Repositories / olmoocr_runner.git
README.md
Clone (read-only): git clone http://git.guha-anderson.com/git/olmoocr_runner.git
# olmOCR Runner
## Introduction
This project is a small local runner for converting PDFs to Markdown with
olmOCR. It uses the upstream `olmocr` Python package for document processing and
an already-installed `llama-server` binary from llama.cpp for model inference.

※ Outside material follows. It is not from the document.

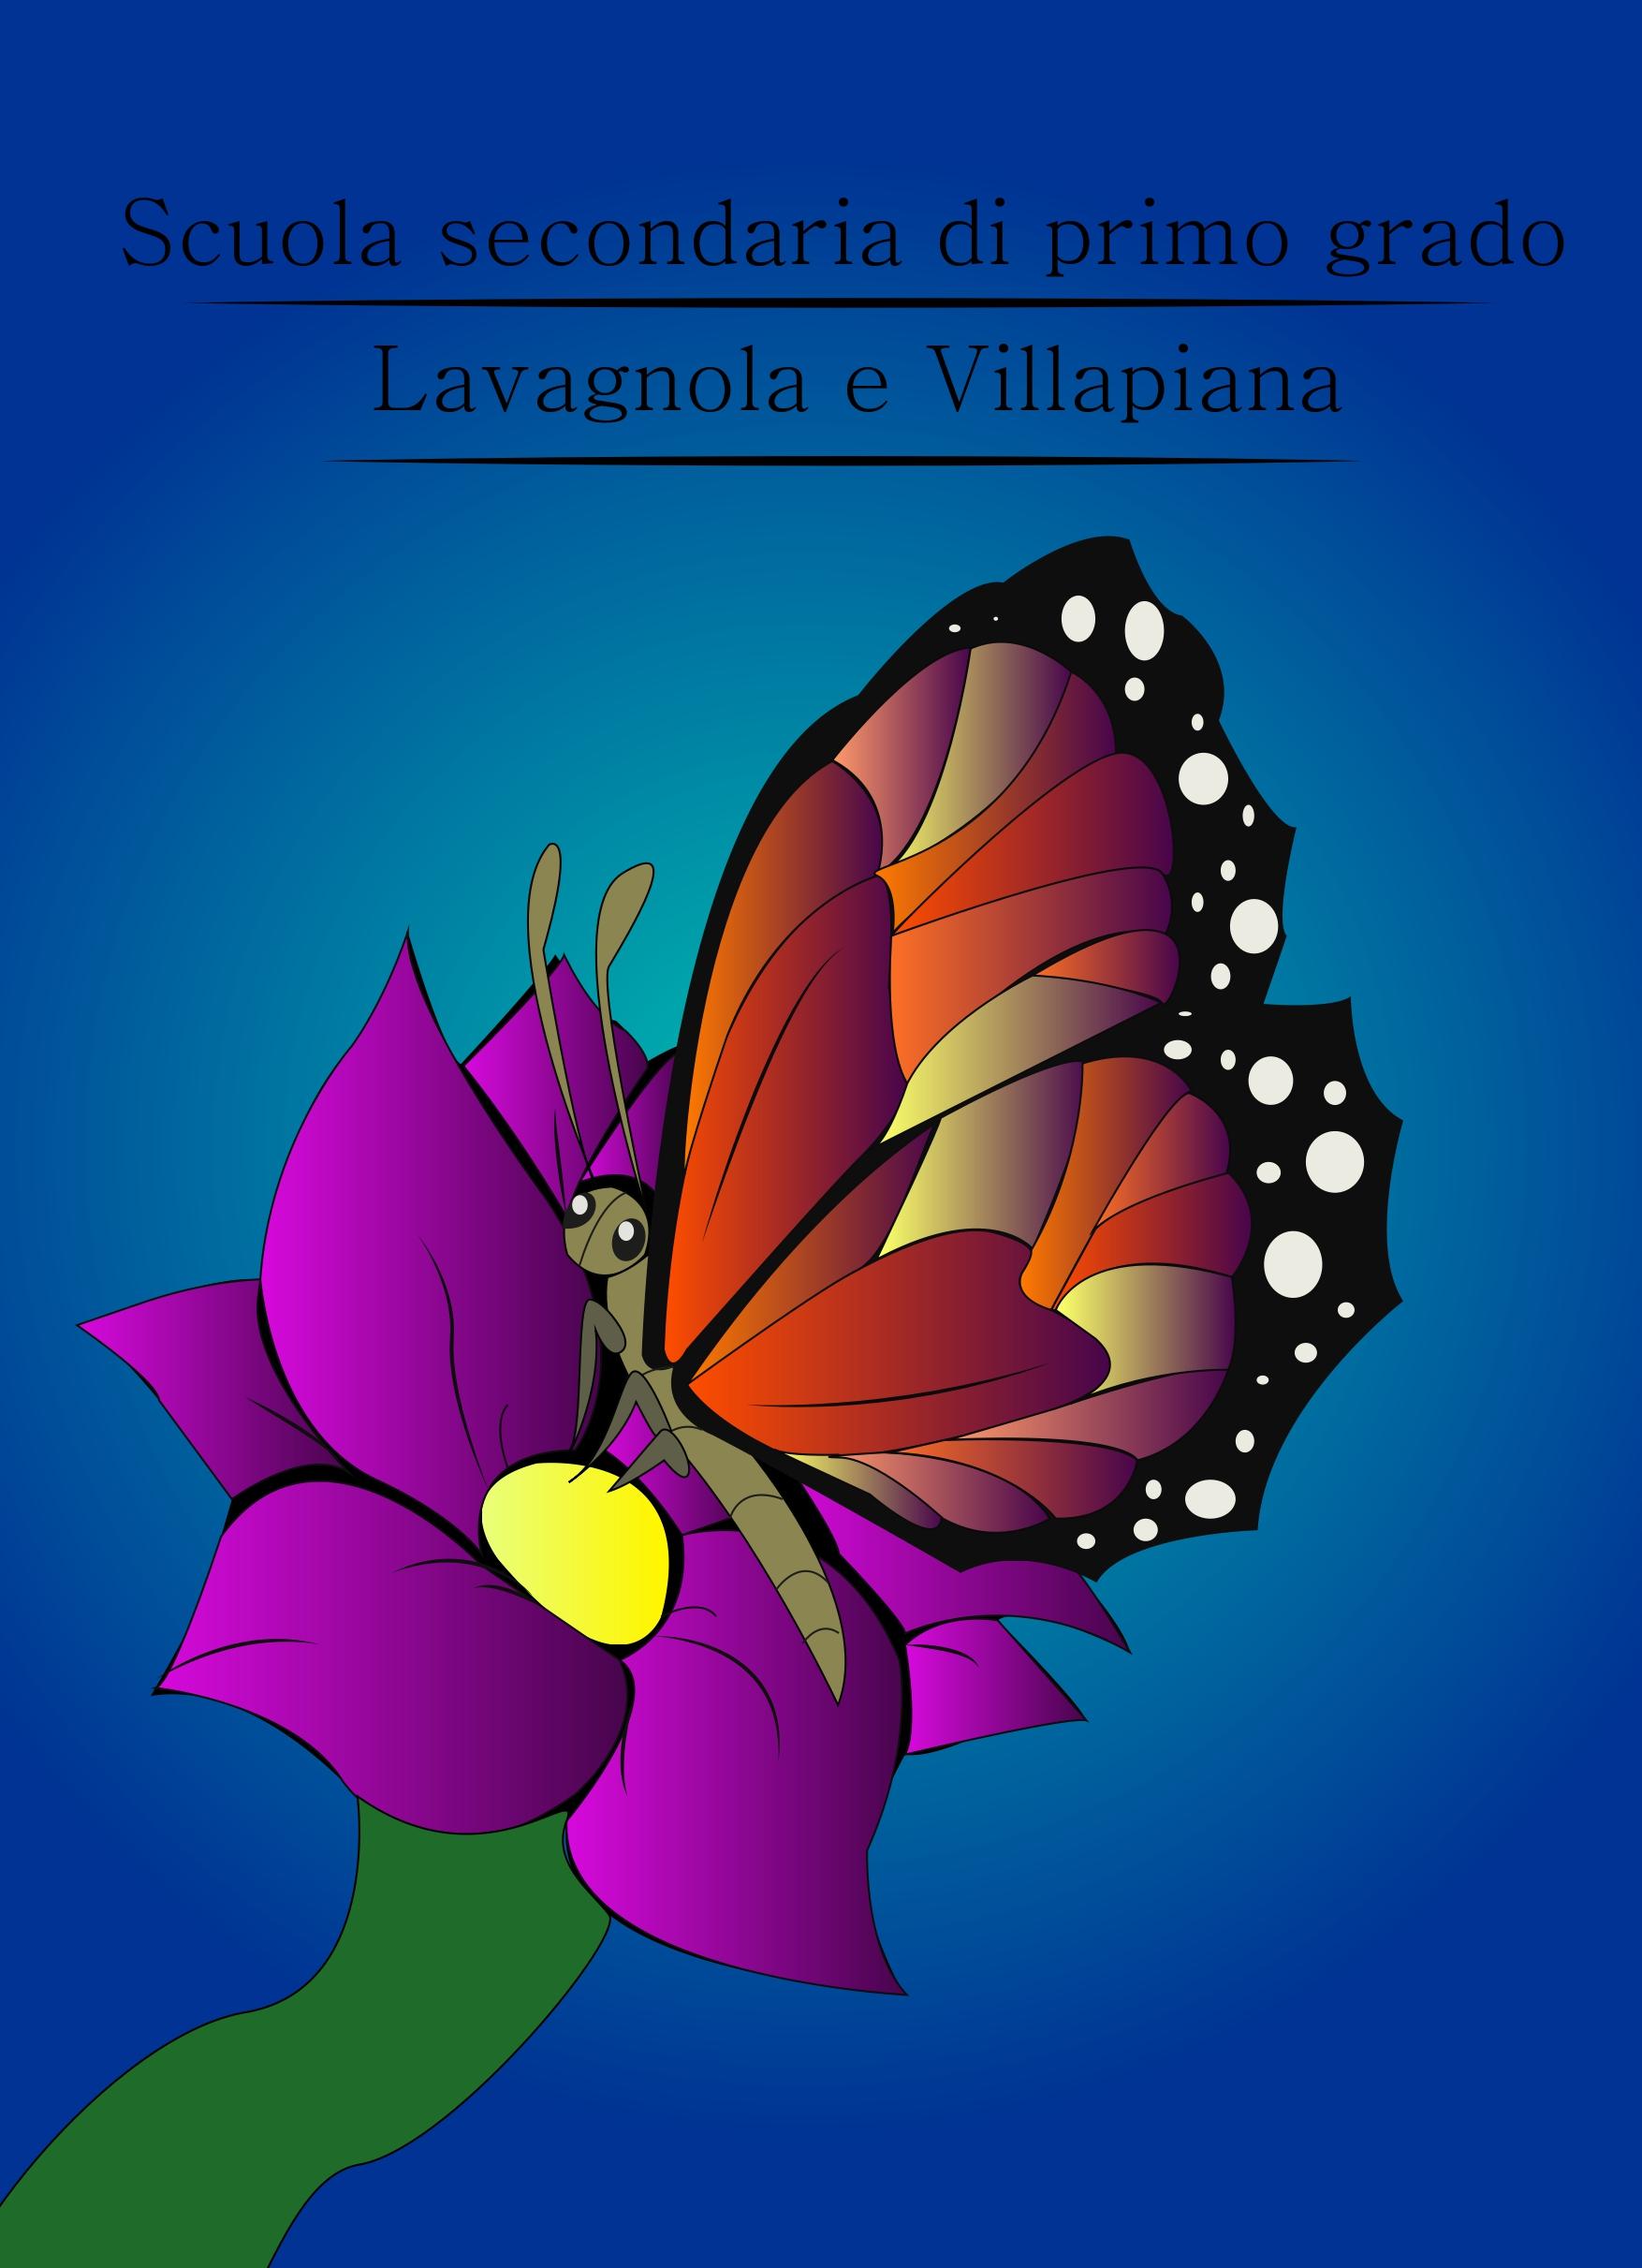 Logo Scuola Secondaria primo Grado Lavagnola e Villapiana

The runner is meant to work with either ROCm or NVIDIA GPUs as long as the
`llama-server` on `PATH` was built for the target GPU backend. The Python
environment is the same for both targets; CUDA and ROCm selection happens in
llama.cpp, not through PyTorch or vLLM dependencies.
## Installation
Install `uv` and make sure `llama-server` is available on `PATH` before running
the installer. This repository does not download or install `llama-server`.
Run:
```bash
./install.sh
```
The installer will:
1. Verify that `llama-server` is available.
2. Run `uv sync`.
3. Download the GGUF olmOCR model and multimodal projection file into:
```text
~/models/olmOCR-2-7B-1025-Q4_K_M-GGUF/
```
By default, the runner expects these files:
```text
~/models/olmOCR-2-7B-1025-Q4_K_M-GGUF/olmocr-2-7b-1025-fp8-q4_k_m.gguf
~/models/olmOCR-2-7B-1025-Q4_K_M-GGUF/mmproj-f16.gguf
```
You can override paths with environment variables:
```bash
export LLAMA_SERVER=/path/to/llama-server
export OLMOCR_GGUF_MODEL=/path/to/olmocr.gguf
export OLMOCR_MMPROJ=/path/to/mmproj.gguf
```
## Usage
Convert a PDF to Markdown with:
```bash
./ocr.sh path/to/input.pdf
```
The output is written next to the PDF with a `.md` extension. For example:
```bash
./ocr.sh docs/example.pdf
```
creates:
```text
docs/example.md
```
To run the integration test that generates a PDF with Pandoc and verifies that
olmOCR preserves a table and a formula:
```bash
uv run pytest -q tests/test_ocr_integration.py
```
That test requires `pandoc`, `xelatex`, `llama-server`, the model files, and a
working GPU backend. It skips cleanly if any of those are missing.